It is easier to write search programs such as this sudoku solver because it doesn't load every combination at once—it just generates them as it goes along. You can do this in other languages, but only Haskell does this by default.
You can check out following links:
https://c2.com/cgi/wiki?AdvantagesOfFunctionalProgramming
https://learn.microsoft.com/archive/blogs/wesdyer/why-functional-programming-is-important-in-a-mixed-environment
https://web.archive.org/web/20160626145828/http://blog.kickino.org/archives/2007/05/22/T22_34_16/
https://useless-factor.blogspot.com/2007/05/advantage-of-functional-programming.html
I think people in this post are missing the most important point for anyone who has never used a functional programming language: expanding your mind. If you are new to functional programming then Haskell will make you think in ways you've never thought before. As a result your programming in other areas and other languages will improve. How much? Hard to quantify.
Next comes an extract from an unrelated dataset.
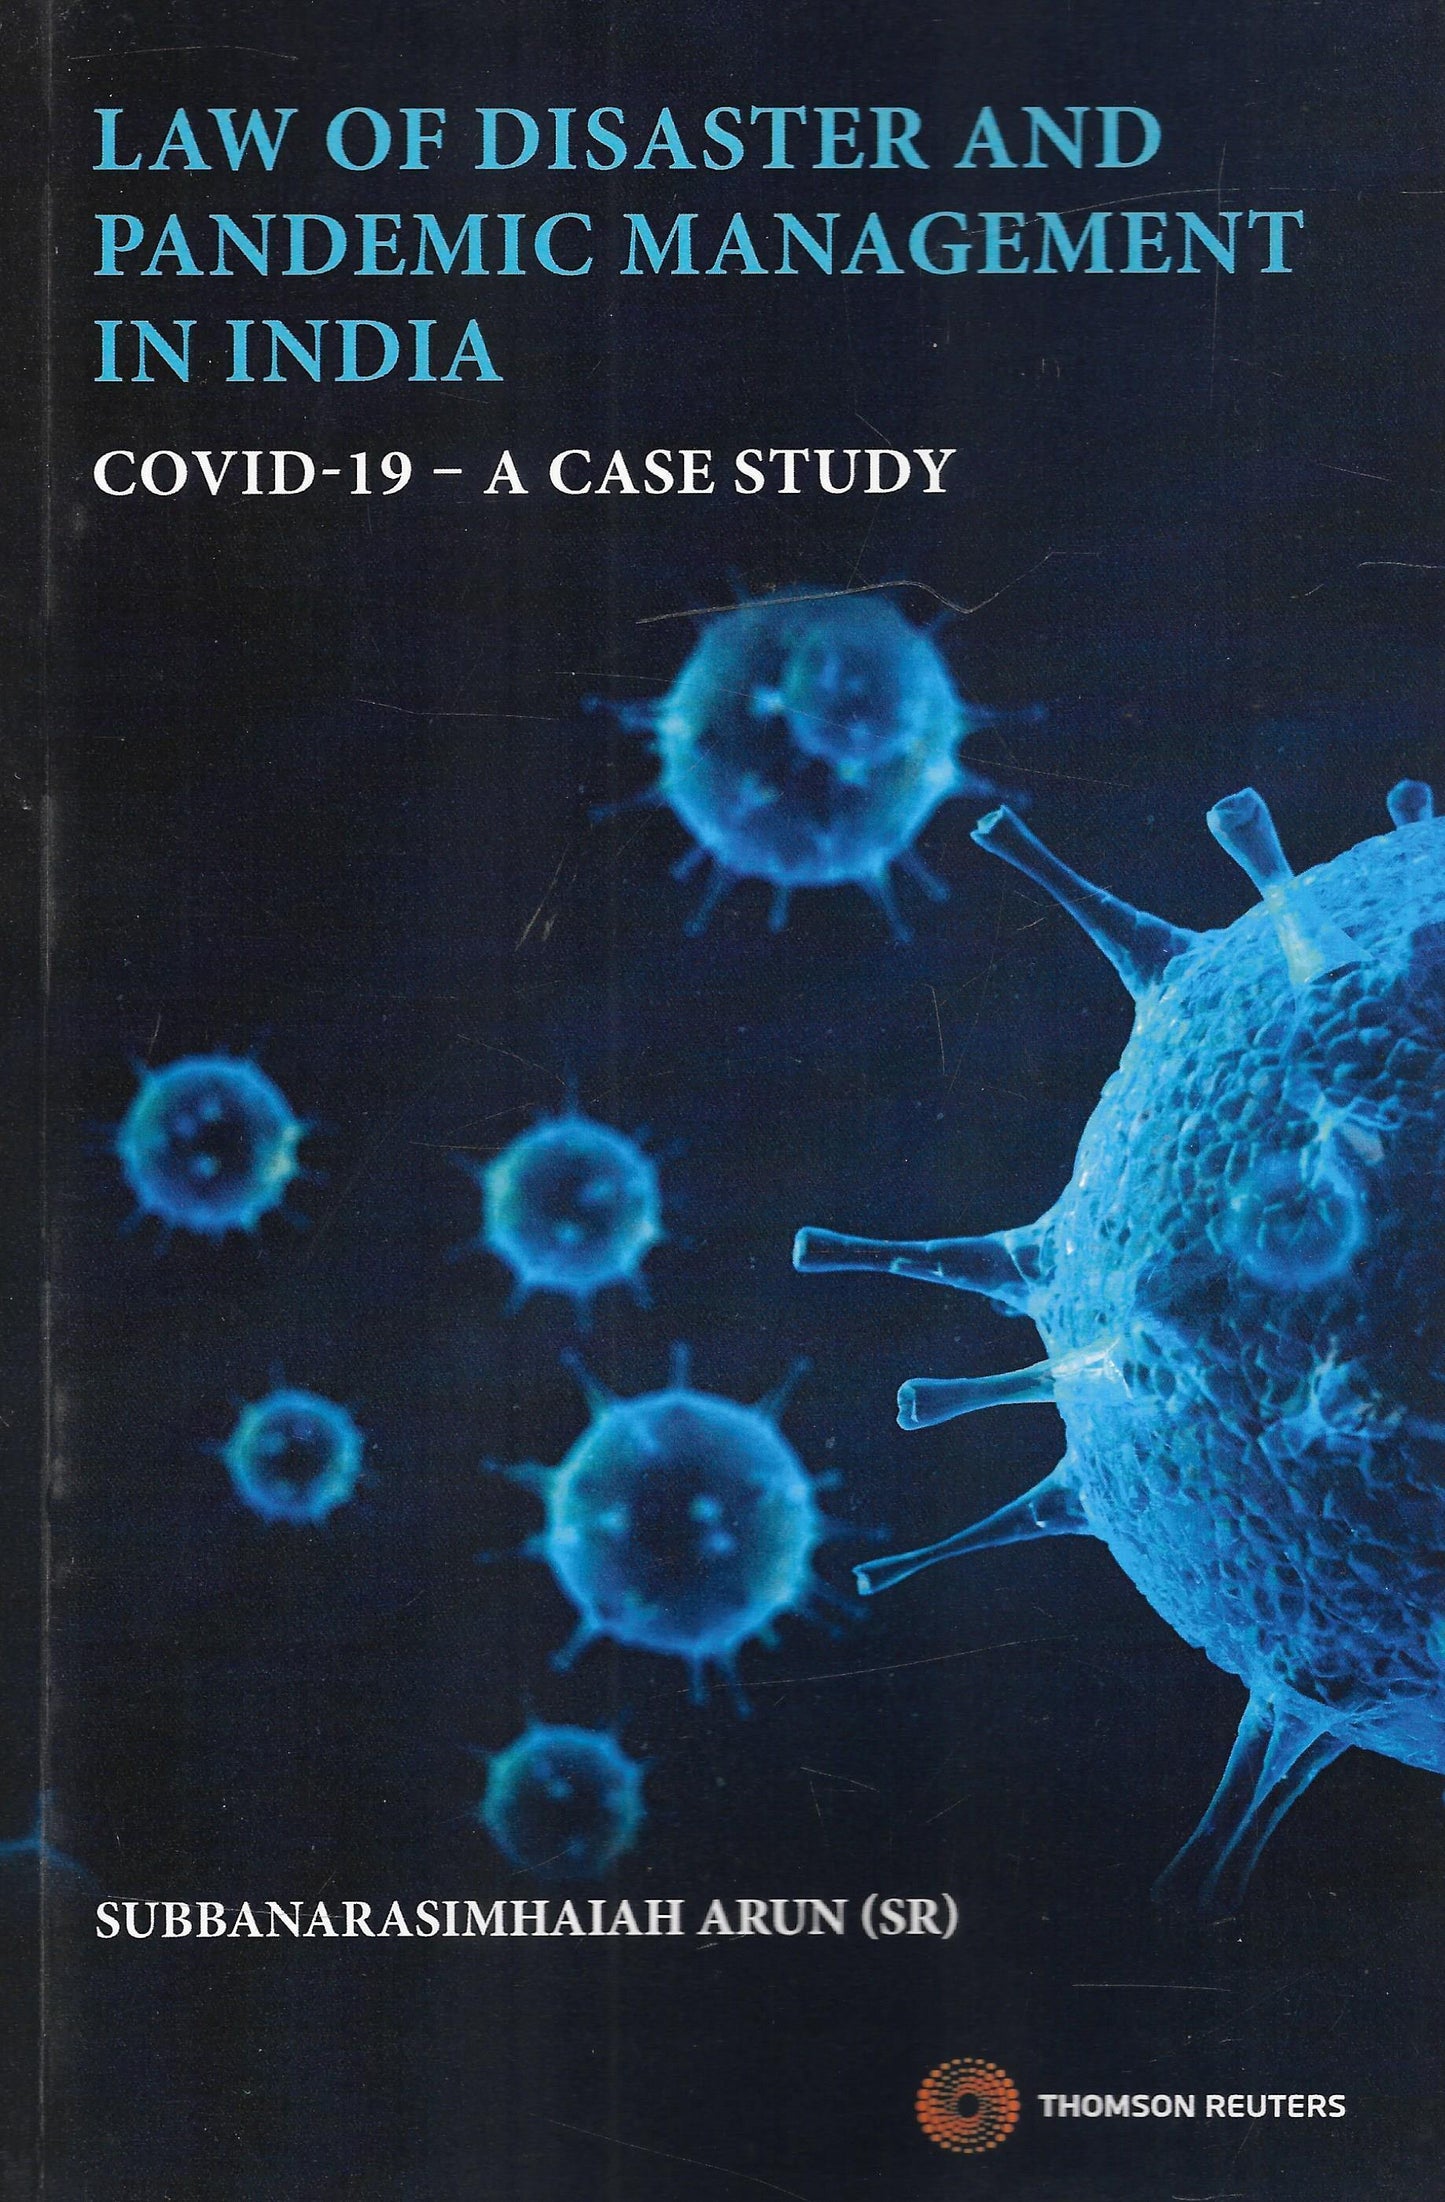 Law of Disaster and Pandemic Management in India COVID-19 A CASE STUDY

There is one good answer for what a general purpose language like Haskell is good for: writing programs in general.
For what it is used for in practice, I've three approaches to establishing that:
A tag cloud of Haskell library and app areas, weighted by frequency on Hackage.
Indicates that it is good for graphics, networking, systems programming, data structures, databases, development, text processing ...
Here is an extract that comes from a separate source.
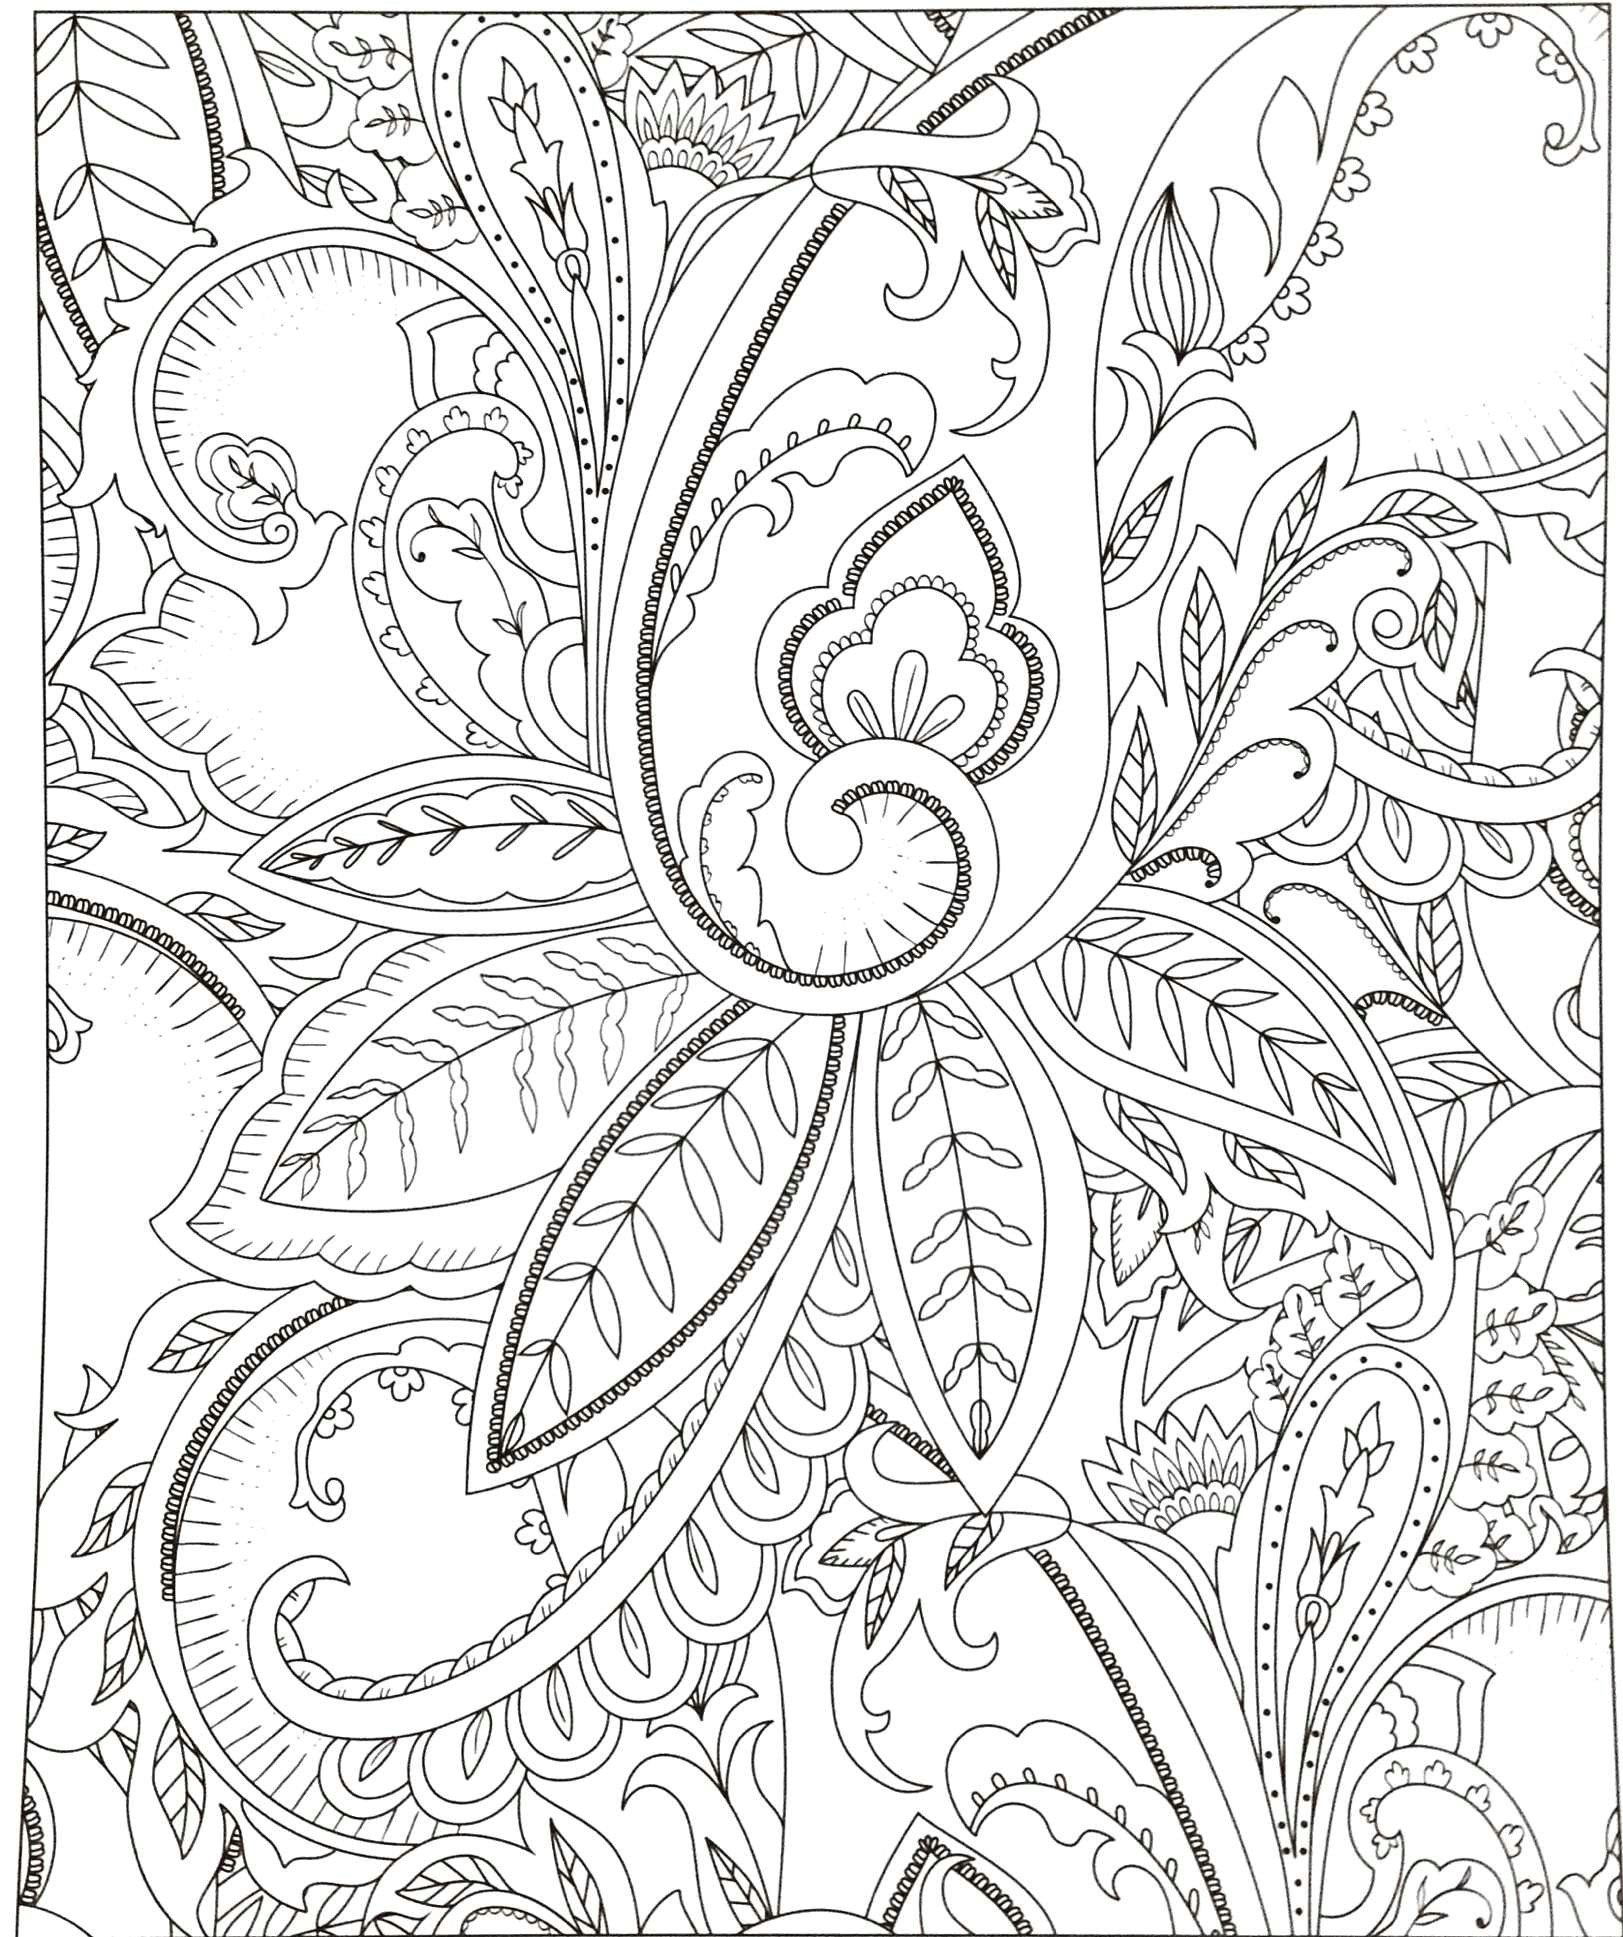 Drawing Colored Flowers Easy Easy to Draw Instruments Home Coloring Pages Best Color Sheet 0d

Areas it is used in industry - a lot of DSLs, web apps, compiler design, networking, analysis, systems programming , ...
And finally, my opinion on what it is really strong at:
Problems where correctness matters, domain specific languages, and parallel and concurrent programming
I hope that gives you a sense on how broad your question is, if it is to be answered with any specificity.
One example of Haskell in action is xmonad, a "featureful window manager in less than 1200 lines of code".
From the Haskell Wiki:
Haskell has a diverse range of use
commercially, from aerospace and
defense, to finance, to web startups,
hardware design firms and lawnmower
manufacturers. This page collects
resources on the industrial use of
Haskell.
According to Wikipedia, the Haskell language was created out of the need to consolidate existing functional languages into a common one which could be used for future research in functional-language design.
It is apparent based on the information available that it has outgrown it's original purpose and is used for much more than research. It is now considered a general purpose functional programming language.
If you're still asking yourself, "Why should I use it?", then read the Why use it? section of the Haskell Wiki Introduction.
Haskell is a general purpose programming language. It can be used for anything you use any other language to do. You aren't limited by anything but your own imagination. As for what it's suited for? Well, pretty much everything. There are few tasks in which a functional language does not excel.
And yes, I'm the Rayne from Dreamincode. :)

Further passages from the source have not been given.